The control of the rotation direction of the lens in roughing includes a down-cut method in which the rotation direction of the roughing grindstone is opposite to that of the lens, and an up-cut method in which the rotation direction of the roughing grindstone is the same as that of the lens. In the up-cut method, a force pulling the lens to the roughing grindstone side increases, so the “axial deviation” occurs frequently. In the down-cut method, the force pulling the lens to the roughing grindstone is weaker compared to the up-cut method. Accordingly, when the material of the lens is a normal plastic, the down-cut method is used. When the material of the lens is a thermoplastic material (which is a polycarbonate representatively, and Trivex, acryl, and the like are also included in the material), grinding water is not used in roughing (see U.S. Pat. No. 7,617,579B1). As a result, if the down-cut method is used, processing waste discharged in the rotation direction of the roughing grindstone tends to become sticky due to influence from the heat, and the processing waste melted by the heat attaches to the periphery of the lens that has undergone the roughing, which influences processing accuracy of subsequent finishing. In the up-cut method, the processing waste discharged in the rotation direction of the roughing grindstone is discharged to the side of a portion that has not been processed in the roughing. Therefore, it is difficult for the molten processing waste to attach to the periphery of the lens. For this reason, in the case of a lens of a thermoplastic material, the up-cut method is used.

SUMMARY

A water repellent coating is also applied to the lens formed of the thermoplastic material. If processing of thermoplastic lens treated with the water repellent coating is attempted with the up-cut method, the problem of the “axial deviation” cannot be sufficiently suppressed even if the processing control in US2004-192170A1, JP2006-334701A and US2010-197198A1 is used.
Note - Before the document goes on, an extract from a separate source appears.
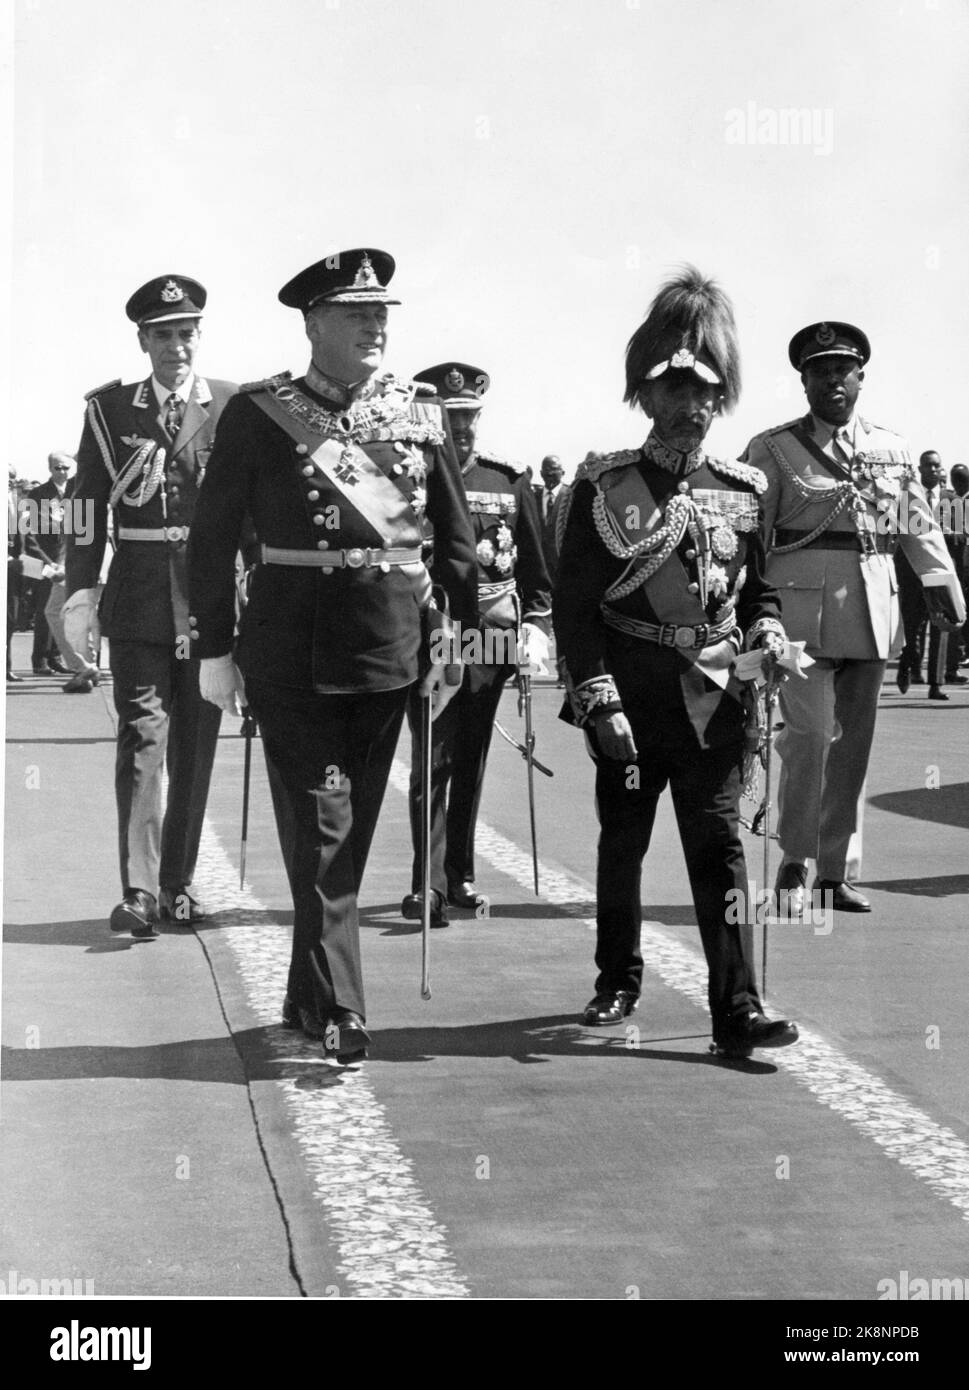 Ethiopia 1966. King Olav visits Ethiopia in January 1966. Here King Olav (TV) inspects troops with Emperor Haile Selassie. Photo: Henrik Laurvik / NTB. Stock Photo

Furthermore, if an attempt to prevent this problem is made, there is a problem in that the processing time is lengthened greatly.

The invention has been made to solve the above problems, and a technical object thereof is to provide an eyeglass lens processing apparatus which can efficiently perform processing by effectively suppressing the “axial deviation” of the lens (especially for the thermoplastic lens).

The aspect of the invention provides the following arrangements:

(1) An eyeglass lens processing apparatus comprising:

a lens rotating unit including a lens chuck shaft for holding an eyeglass lens and a motor for rotating the lens chuck shaft;

a processing tool rotating unit including a roughing tool for roughing a periphery of the lens, a processing tool rotating shaft to which the roughing tool is attached, and a motor for rotating the processing tool rotating shaft;

an axis-to-axis distance changing unit including a motor for changing an axis-to-axis distance between the lens chuck shaft and the processing tool rotating shaft;

a control unit configured to obtain roughing path based on a target lens shaft, and control the lens rotating unit and the axis-to-axis distance changing unit based on the obtained roughing path to rough the periphery of the lens by the roughing tool,

wherein the control unit performs a first step and then a second step,

wherein in the first step, the control unit controls the lens rotating unit to position the lens in a plurality of lens rotation angles and controls the axis-to-axis distance changing unit to cause the roughing tool to cut into the lens up to the roughing path for each of the plurality of lens rotation angles, the lens being not rotated by the lens rotating unit when the roughing tool is cutting into the lens up to the roughing path, and

wherein in the second step, the control unit controls the lens rotating unit and the axis-to-axis distance changing unit to rough the lens based on the roughing path while the lens rotating unit rotates the lens.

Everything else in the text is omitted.